Back in 2014, a team of British researchers made headlines for producing the blackest material known to science. Called Vantablack, the material was so black, it absorbed all but 0.035 percent of visible light, which means to our eyes, it was borderline invisible. Now the blackest material ever made is even more black, with the inventors announcing that no spectrometer in the world is powerful enough to measure how much light it absorbs.

So far, all we know about this record-breaking material is what's in the video above, filmed by the Vantablack inventors at Surrey NanoSystems just moments after they removed it from the reactor.

"It's resulted in a coating so black that our spectrometers can't measure it!" the team explains. "Even running a high power laser pointer across it barely reflects anything back to the viewer. We have never before made a material so 'black' that it can't be picked up on our spectrometers in the infrared."

So what exactly is Vantablack?
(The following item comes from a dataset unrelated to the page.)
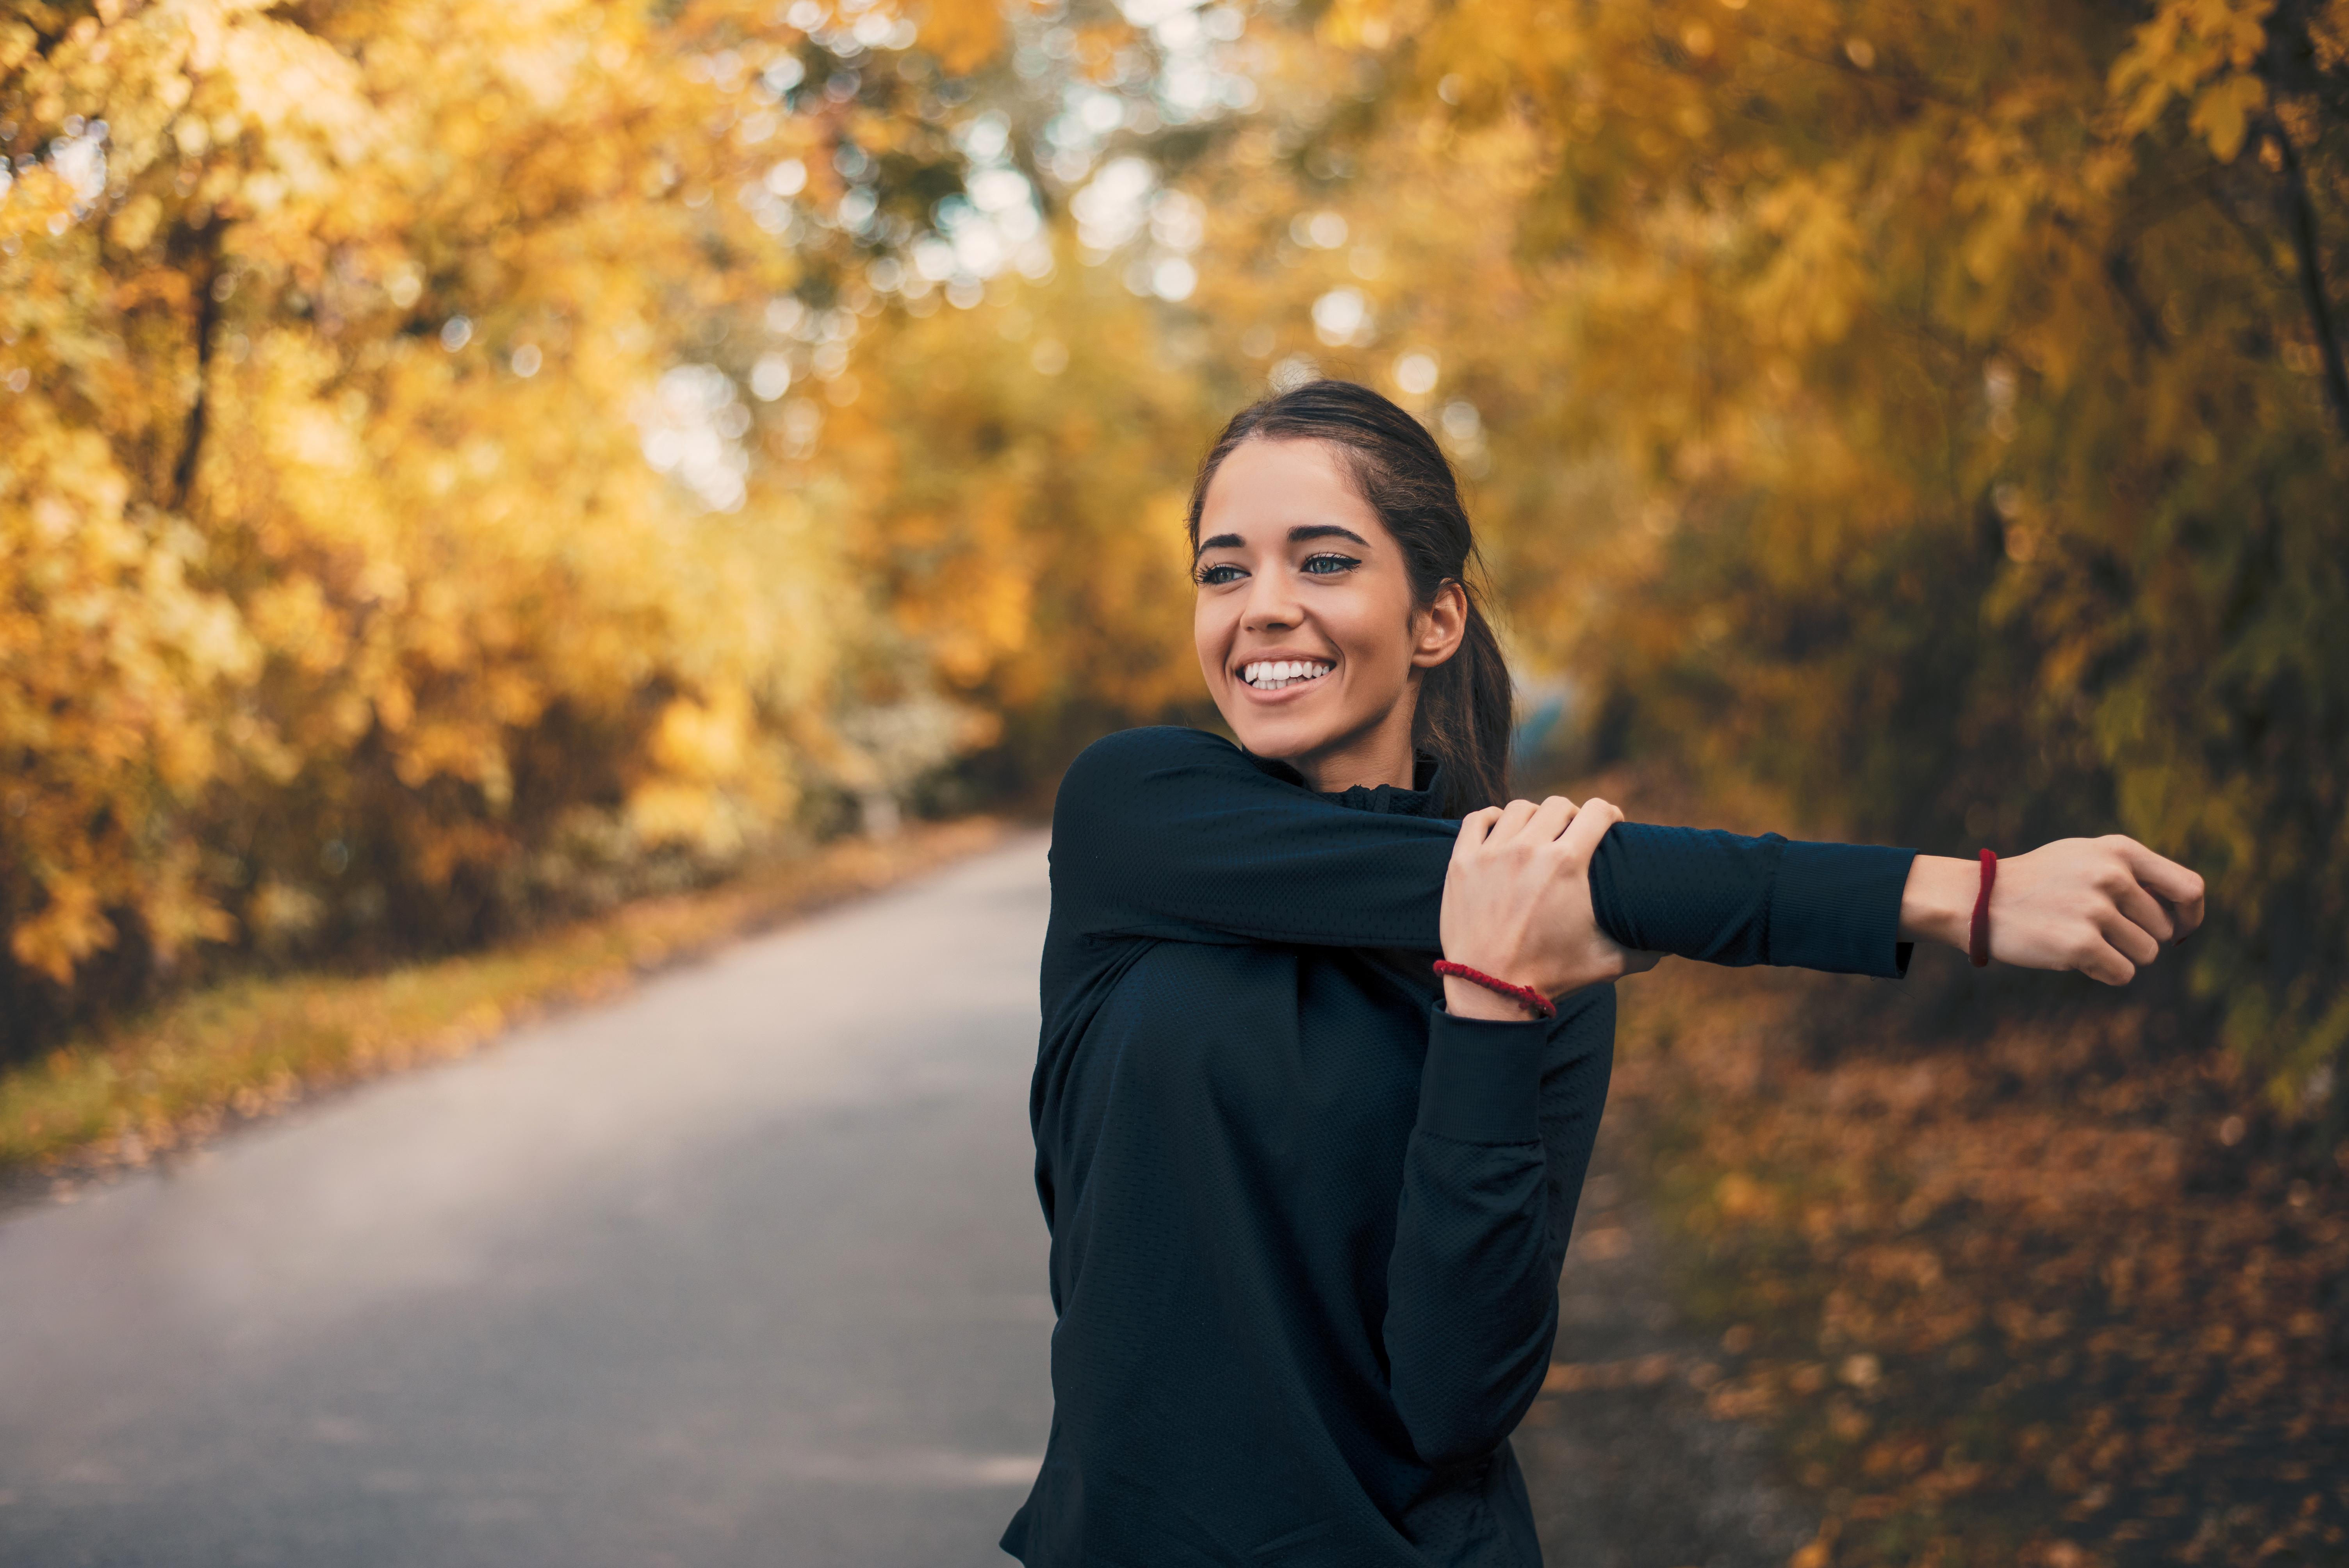 Як правильно розтягуватися після фізичних навантажень: гід по всіх частинах тіла

While it might look like it, Vantablack isn't a paint, pigment, or fabric, but is actually a special coating made from millions of carbon nanotubes, each one measuring around 20 namometres - approximately 3,500 times smaller than the diameter of a human hair - by 14 to 50 microns. To put that in perspective, 1 nanometre equals 0.001 microns.

According to Surrey NanoSystems, a surface area of just 1 cm squared would contain around 1,000 million of these nanotubes. 
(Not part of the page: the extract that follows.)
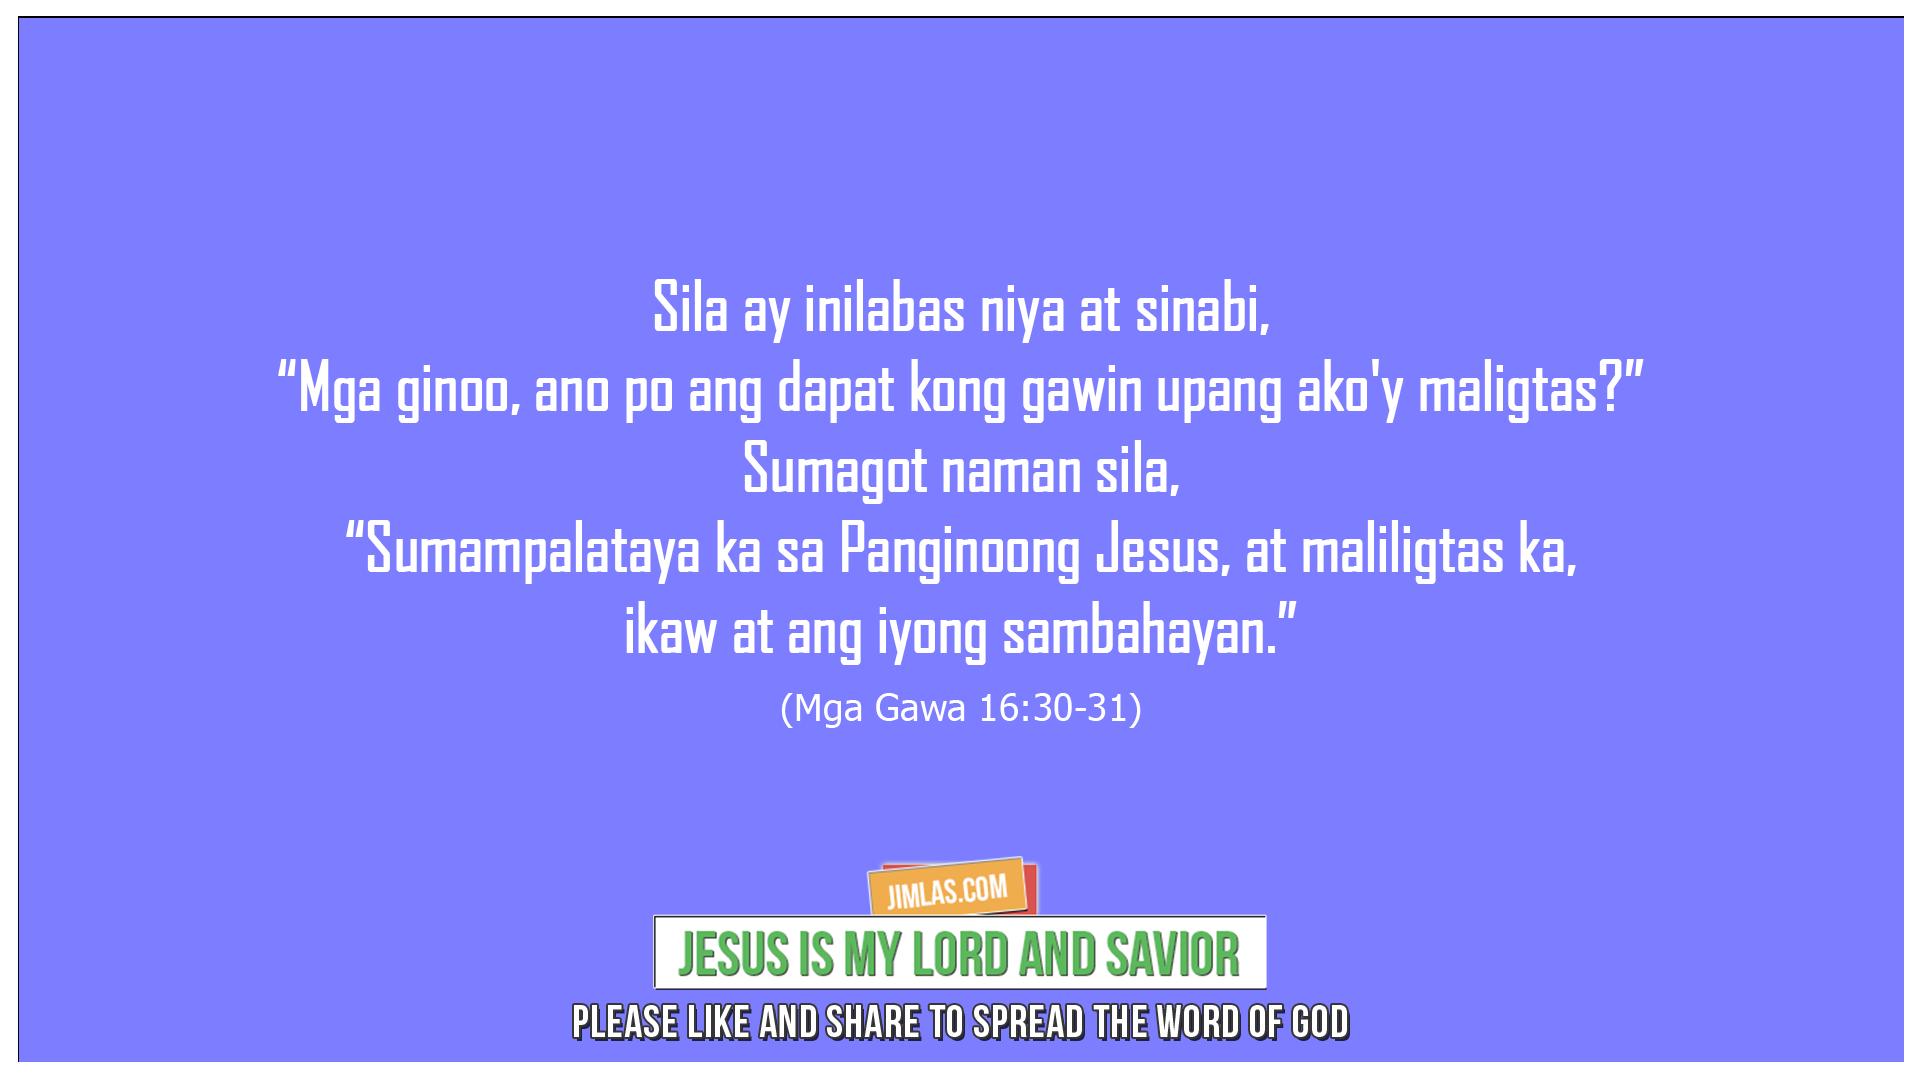 Mga Gawa 16:30-31, Mga Gawa 16:30-31

When light hits this arrangement, it enters the gaps between the nanotubes and is almost instantly absorbed as it bounces between them and can't escape. "The near total lack of reflectance creates an almost perfect black surface," say the researchers. "To understand this effect, try to visualise walking through a forest in which the trees are around 3 km tall instead of the usual 10 to 20 metres. It's easy to imagine just how little light, if any, would reach you."

If that analogy set your imagination into overdrive, you're not the only one - the world's blackest material is set to revolutionise art, with internationally acclaimed sculptor Sir Anish Kapoor telling the BBC that a space coated in Vantablack would be unnerving, to say the least. "Imagine a space that's so dark that as you walk in, you lose all sense of where you are, what you are, and especially all sense of time," he said.

The only problem is that over the weekend, Kapoor announced that he's bought the exclusive rights to use Vantablack in his art, and other artists are not happy.